#### [TASK DESCRIPTION]
Please transcribe the listing that follows exactly; images are to be excluded.

#### [DATA SEGMENT]
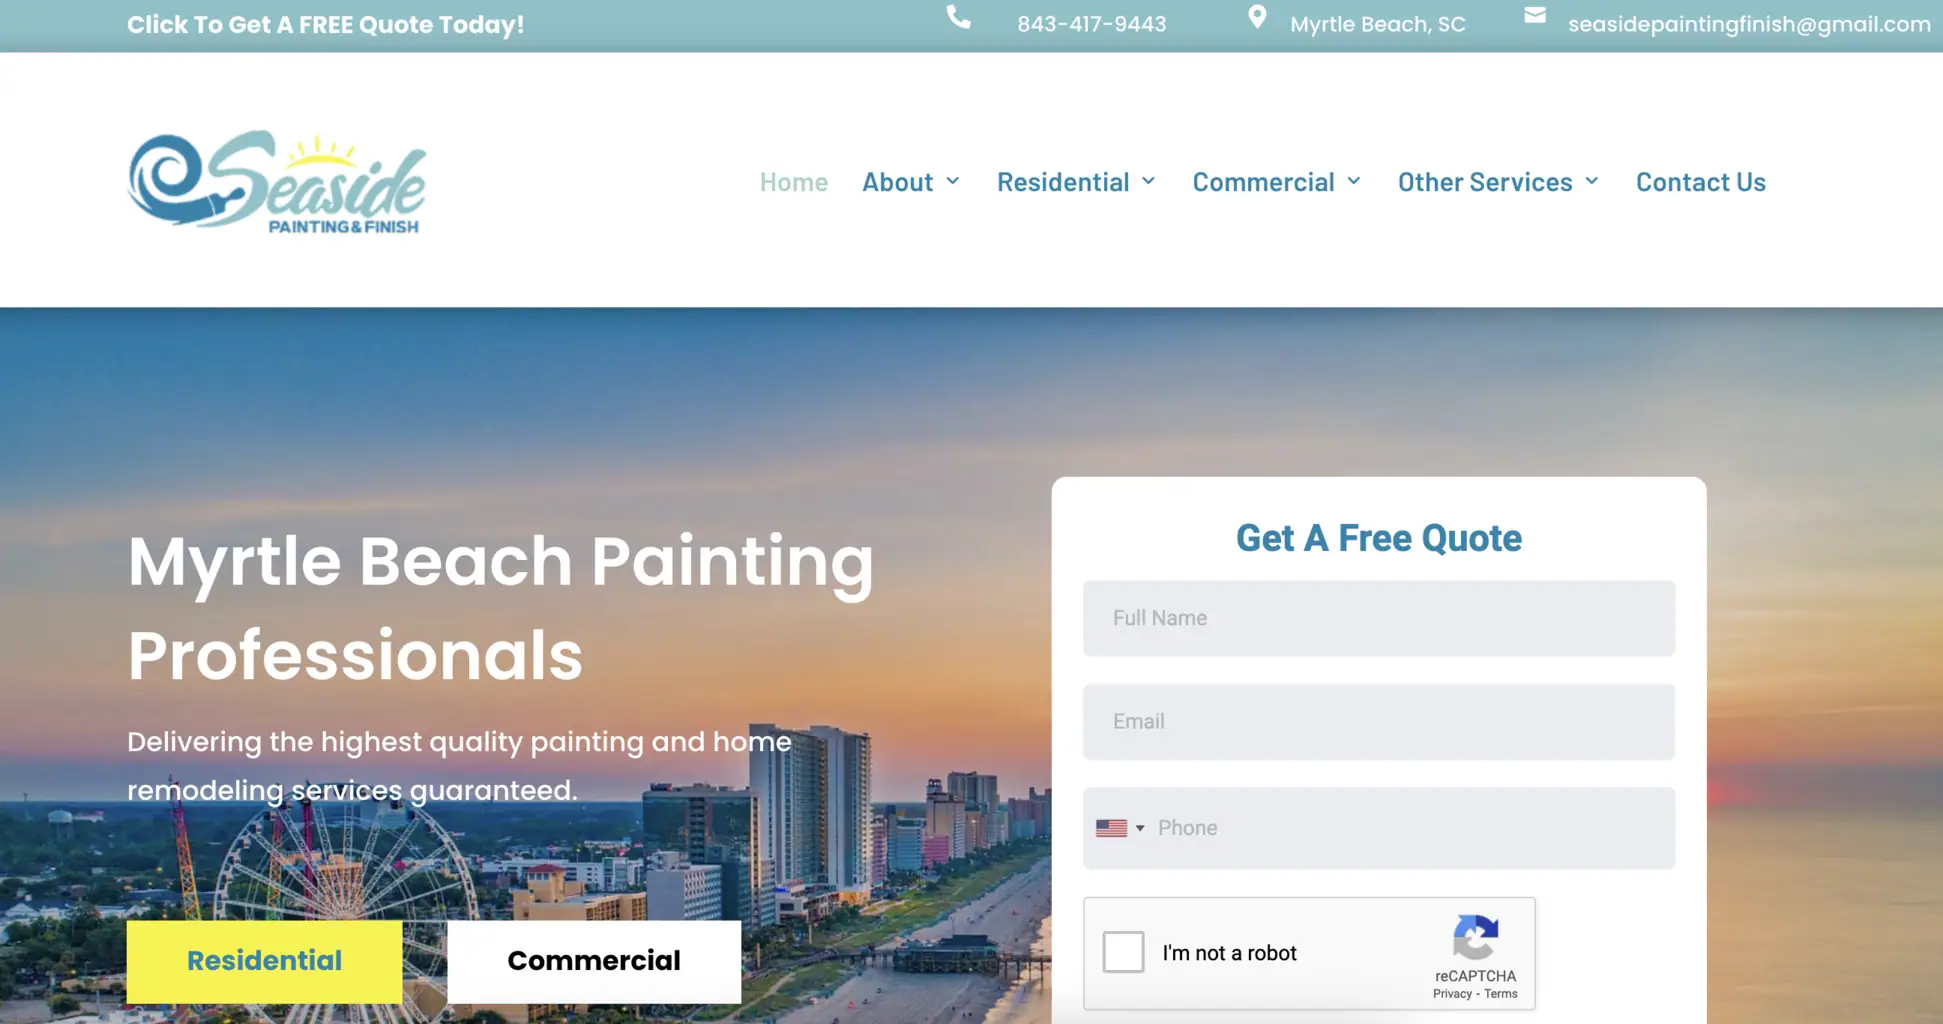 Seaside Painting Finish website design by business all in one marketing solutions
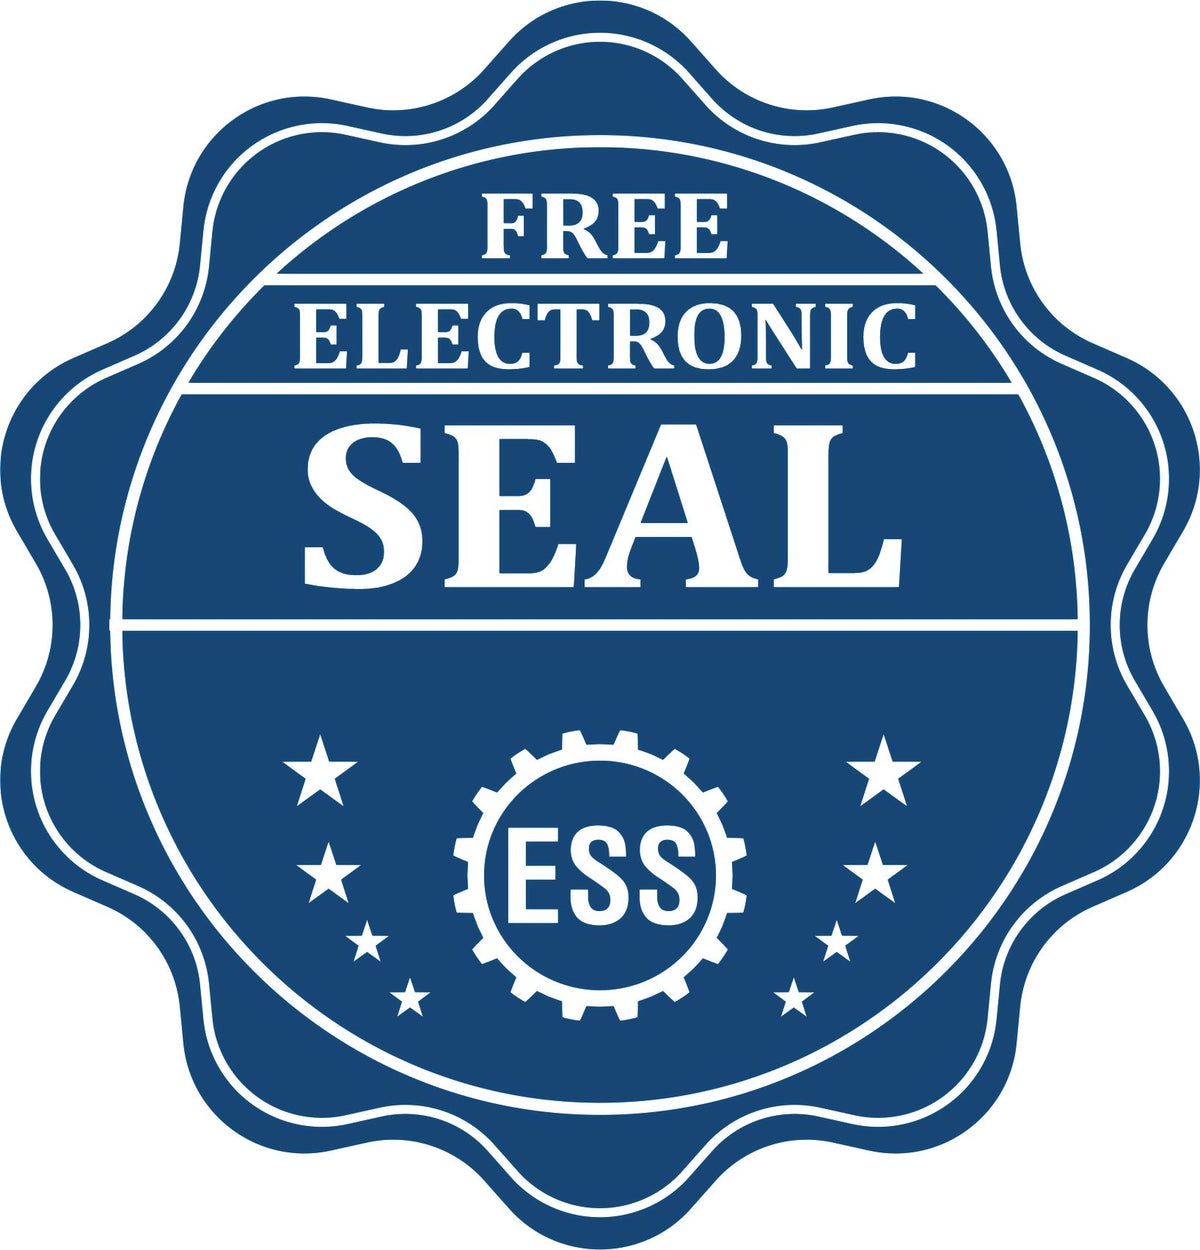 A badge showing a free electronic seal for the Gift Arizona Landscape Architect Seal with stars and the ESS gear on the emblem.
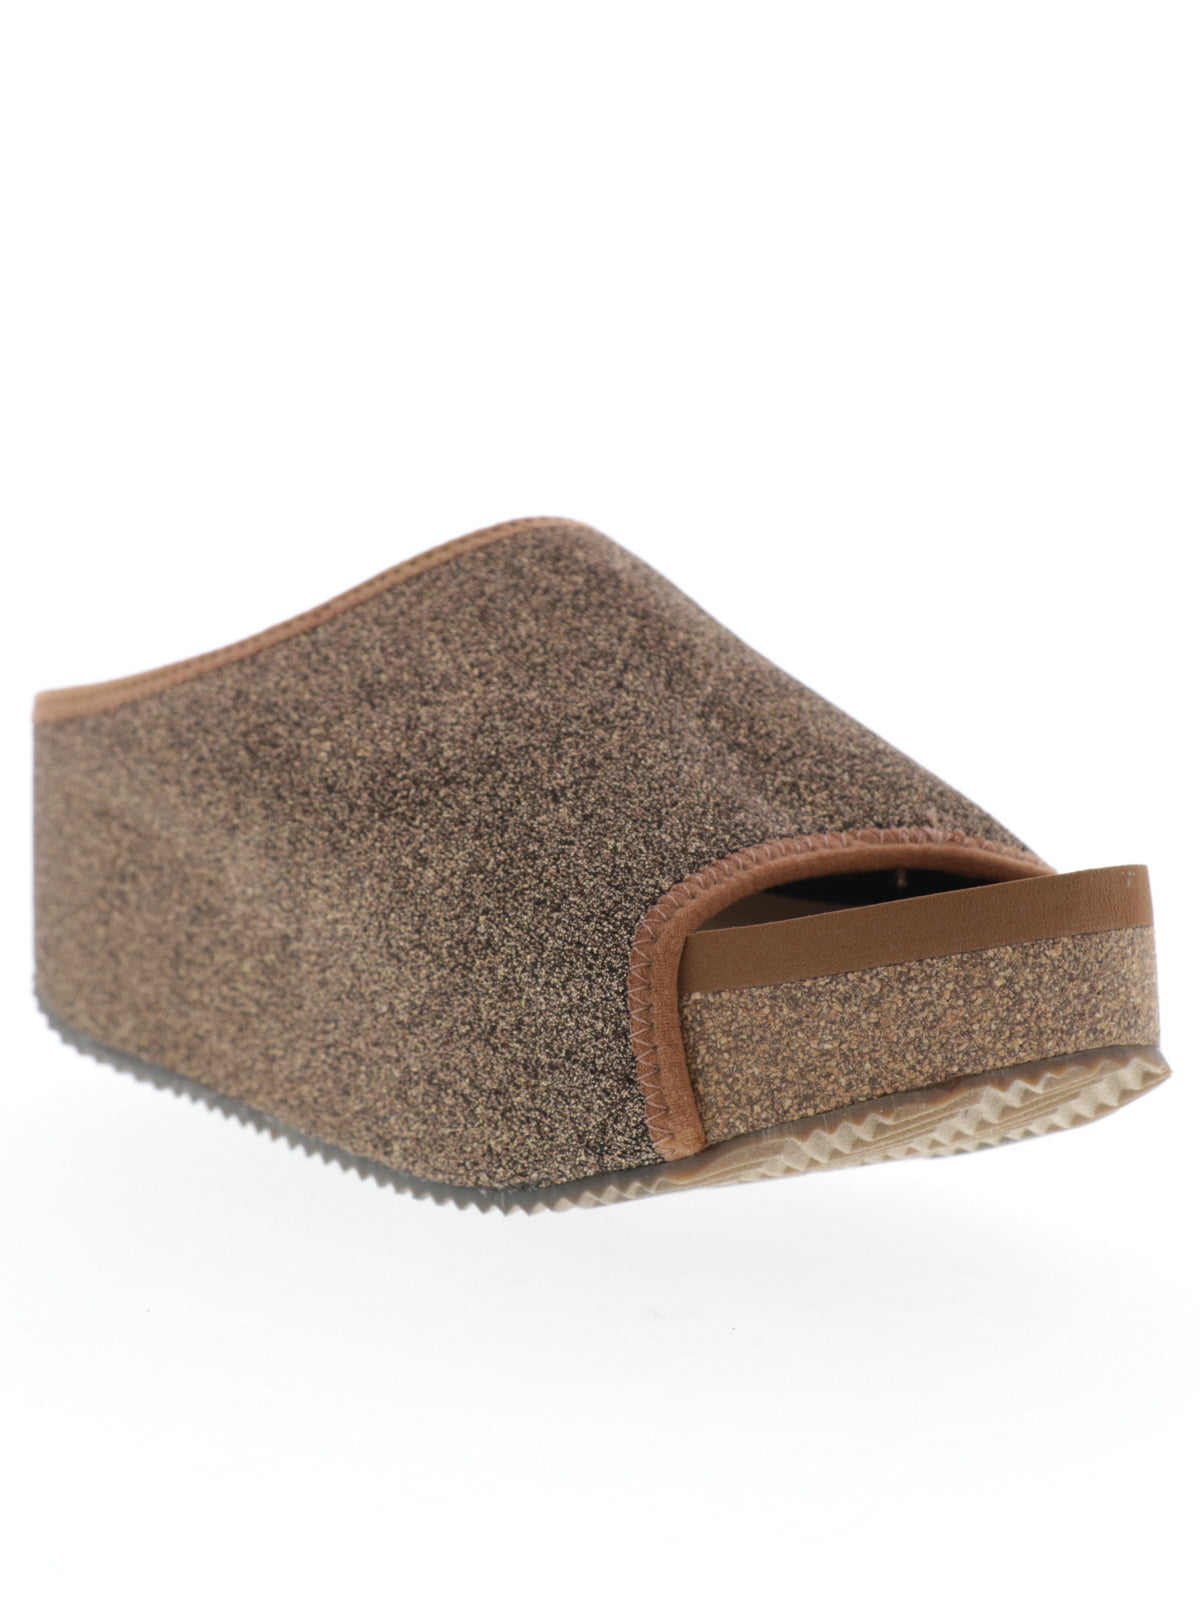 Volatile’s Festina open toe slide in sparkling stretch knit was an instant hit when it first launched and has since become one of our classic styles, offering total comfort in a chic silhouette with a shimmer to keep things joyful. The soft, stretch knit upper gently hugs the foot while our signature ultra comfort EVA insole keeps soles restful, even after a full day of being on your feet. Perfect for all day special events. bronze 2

#### [WRITTEN REPLY]
 Seaside Painting Finish website design by business all in one marketing solutions
 A badge showing a free electronic seal for the Gift Arizona Landscape Architect Seal with stars and the ESS gear on the emblem.
 Volatile’s Festina open toe slide in sparkling stretch knit was an instant hit when it first launched and has since become one of our classic styles, offering total comfort in a chic silhouette with a shimmer to keep things joyful. The soft, stretch knit upper gently hugs the foot while our signature ultra comfort EVA insole keeps soles restful, even after a full day of being on your feet. Perfect for all day special events. bronze 2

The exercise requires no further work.